2. 2. Process according to claim 1, characterized in that the shaping tool used is a permanent casting mold, a forging tool, a press die, a rolling tool, an extraction tool or an extrusion die.
3. 3. Process according to claim 1 or 2, characterized in that the shaping tool is at a temperature of 80 ° C and 400 ° C, preferably between 100 ° C and 200 ° C, during forming.
4. 4. - Process according to one of claims 1 to 3, characterized in that the organic substances between the mold release agent are based on waxes.
5. 5. - Process according to one of claims 1 to 4, characterized in that the light metal component is cooled immediately after forming.
6. 6. - Process according to one of claims 1 to 5, characterized in that the forming tool is heated before and during the forming operation and that the mold release agent in the forming tool is at least partially dried.

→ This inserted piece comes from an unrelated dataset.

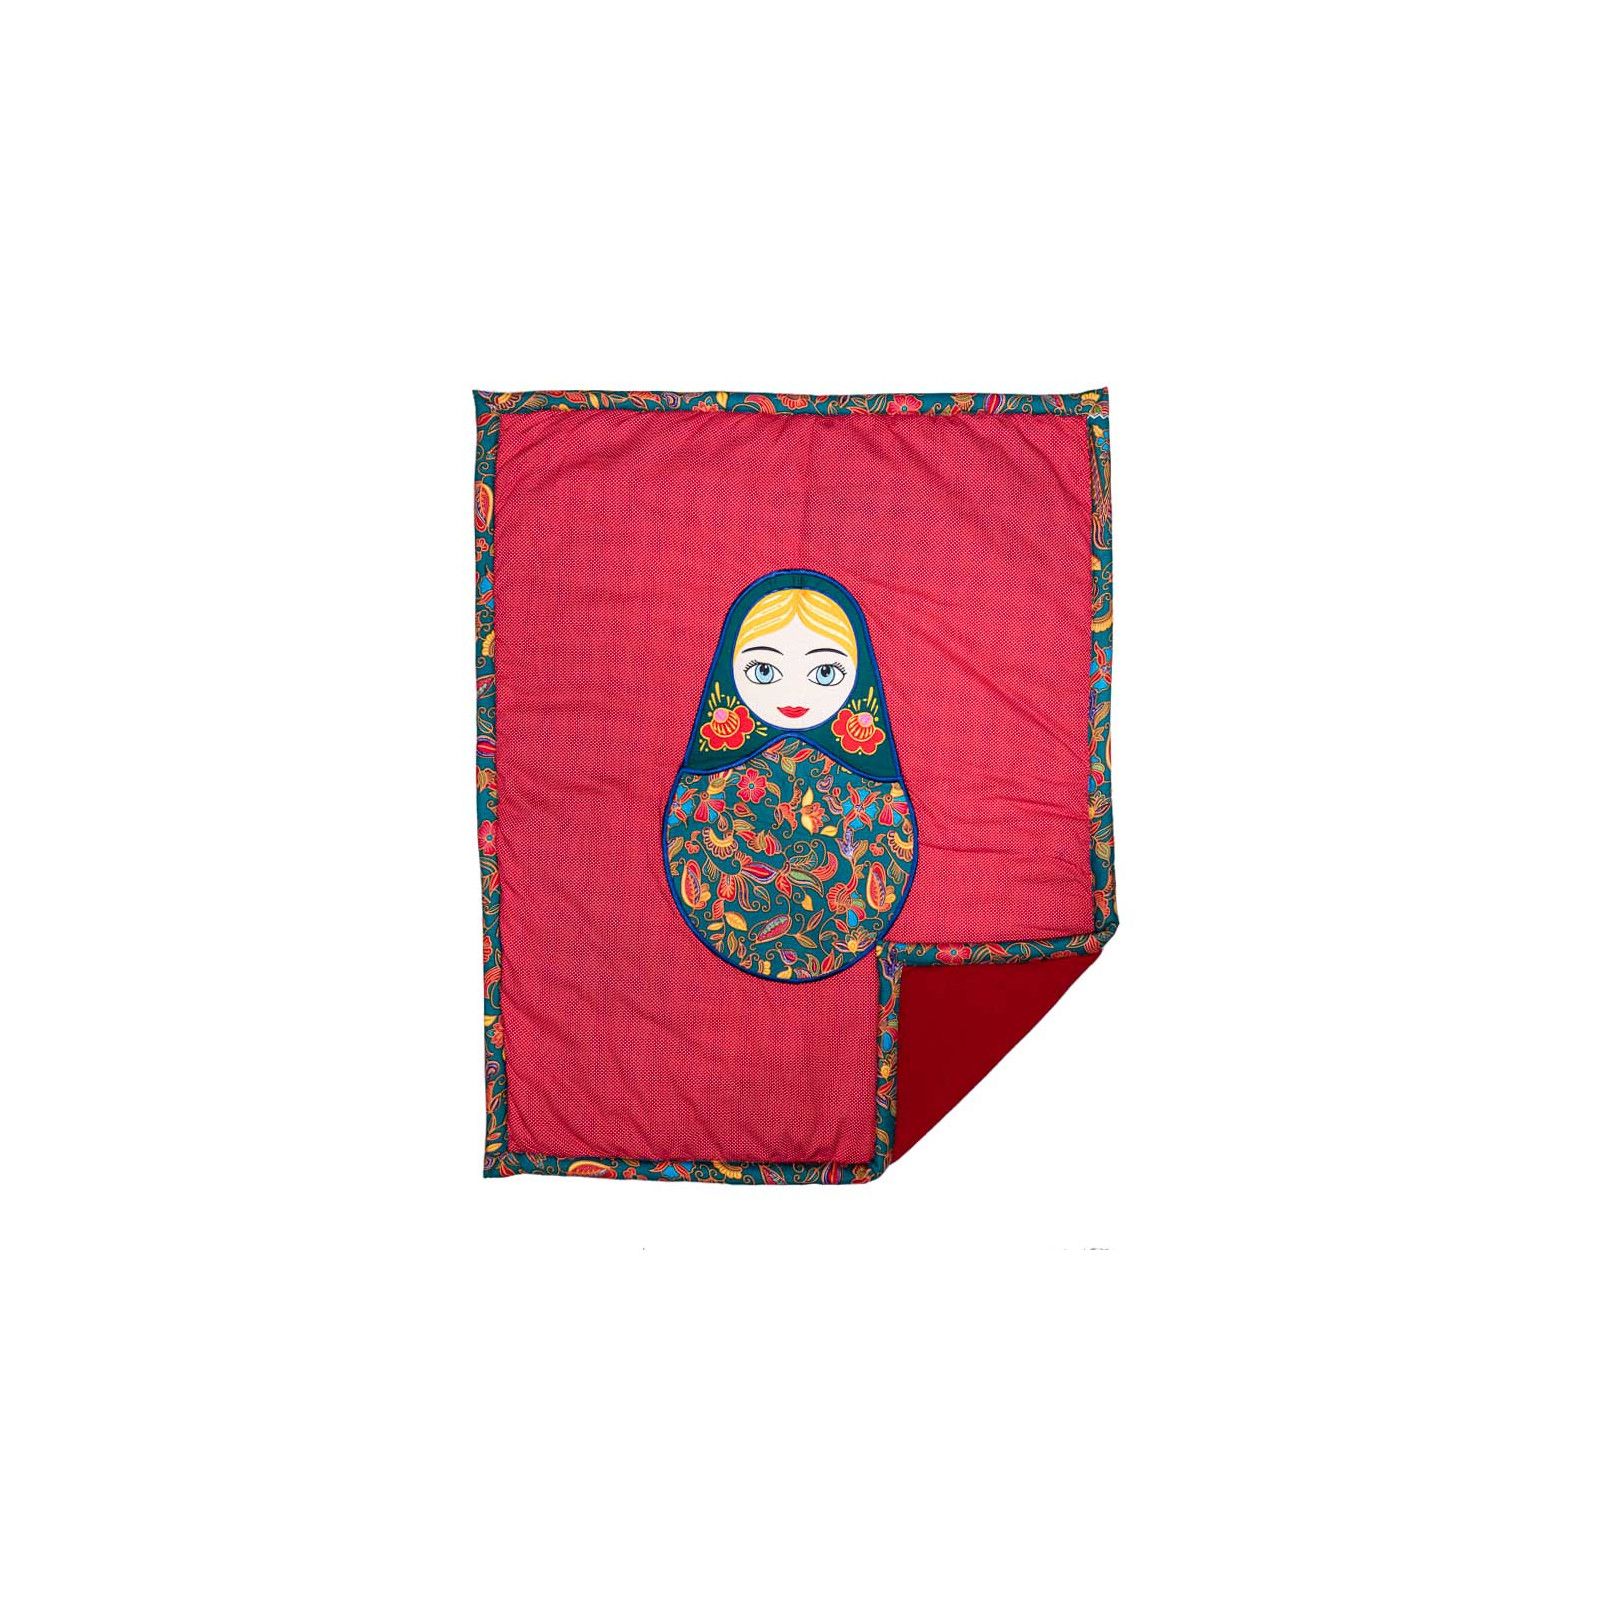 Couverture coton polaire bébé fille rouge avec Matriochka poupée russe brodée
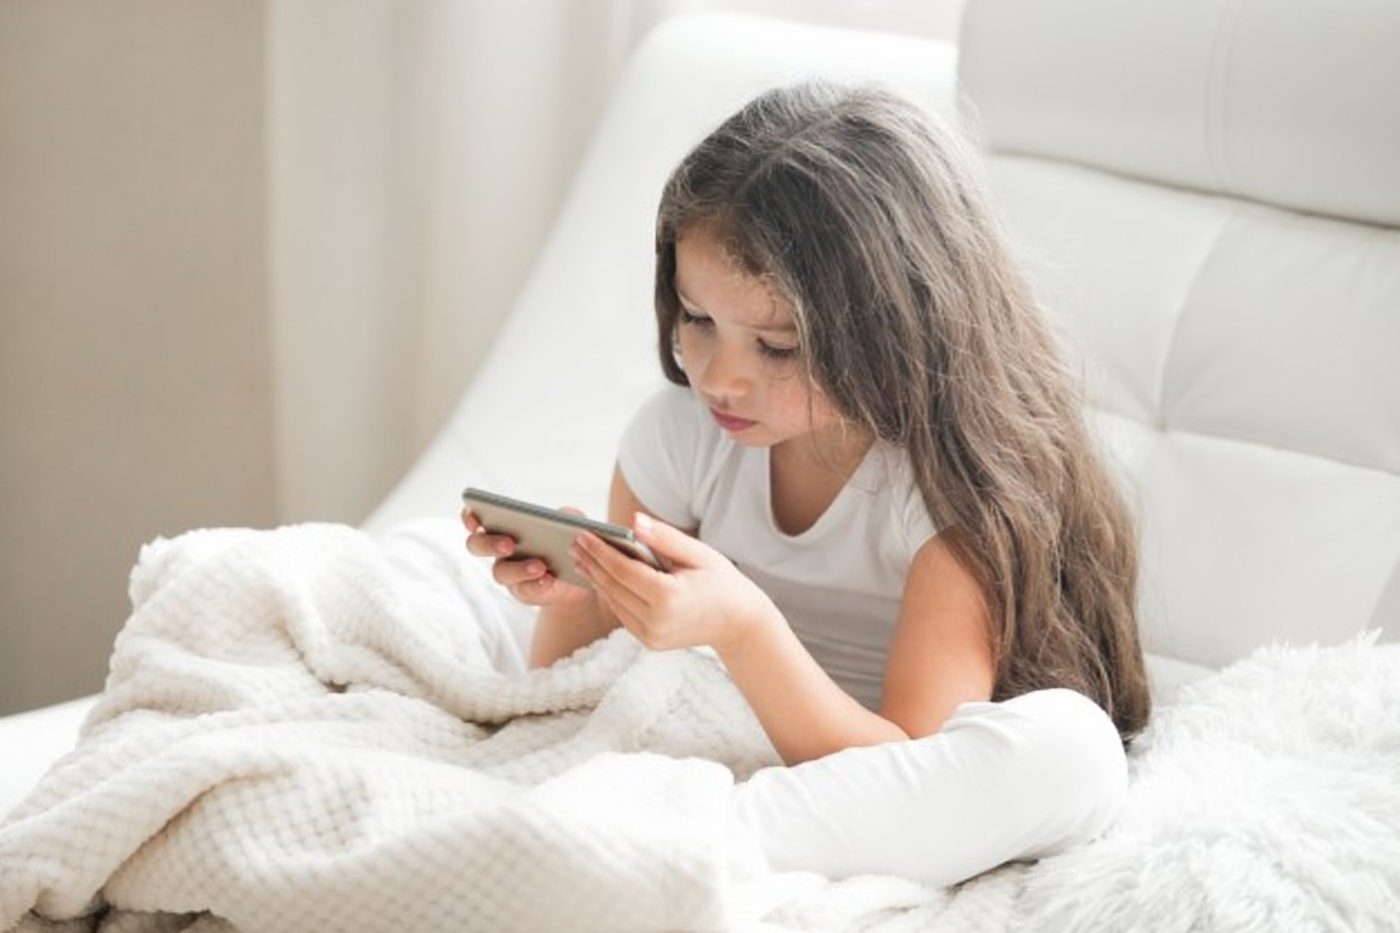 Mobitel može trajno oštetiti vid vaše djece

7. 7. - Process according to one of claims 1 to 6, characterized in that the component consists of aluminum, magnesium, zinc or alloys of said metals. fA / c eoo o SUMMARY OF THE INVENTION The invention relates to a process for coating a metallic component with a corrosion resistant layer. In this process, a metal forming tool is at least partially sprayed with concentrated mold release agents and the component is molded into the metal forming tool, the concentrated mold release agent is cast on a surface of the component during solidification of the component.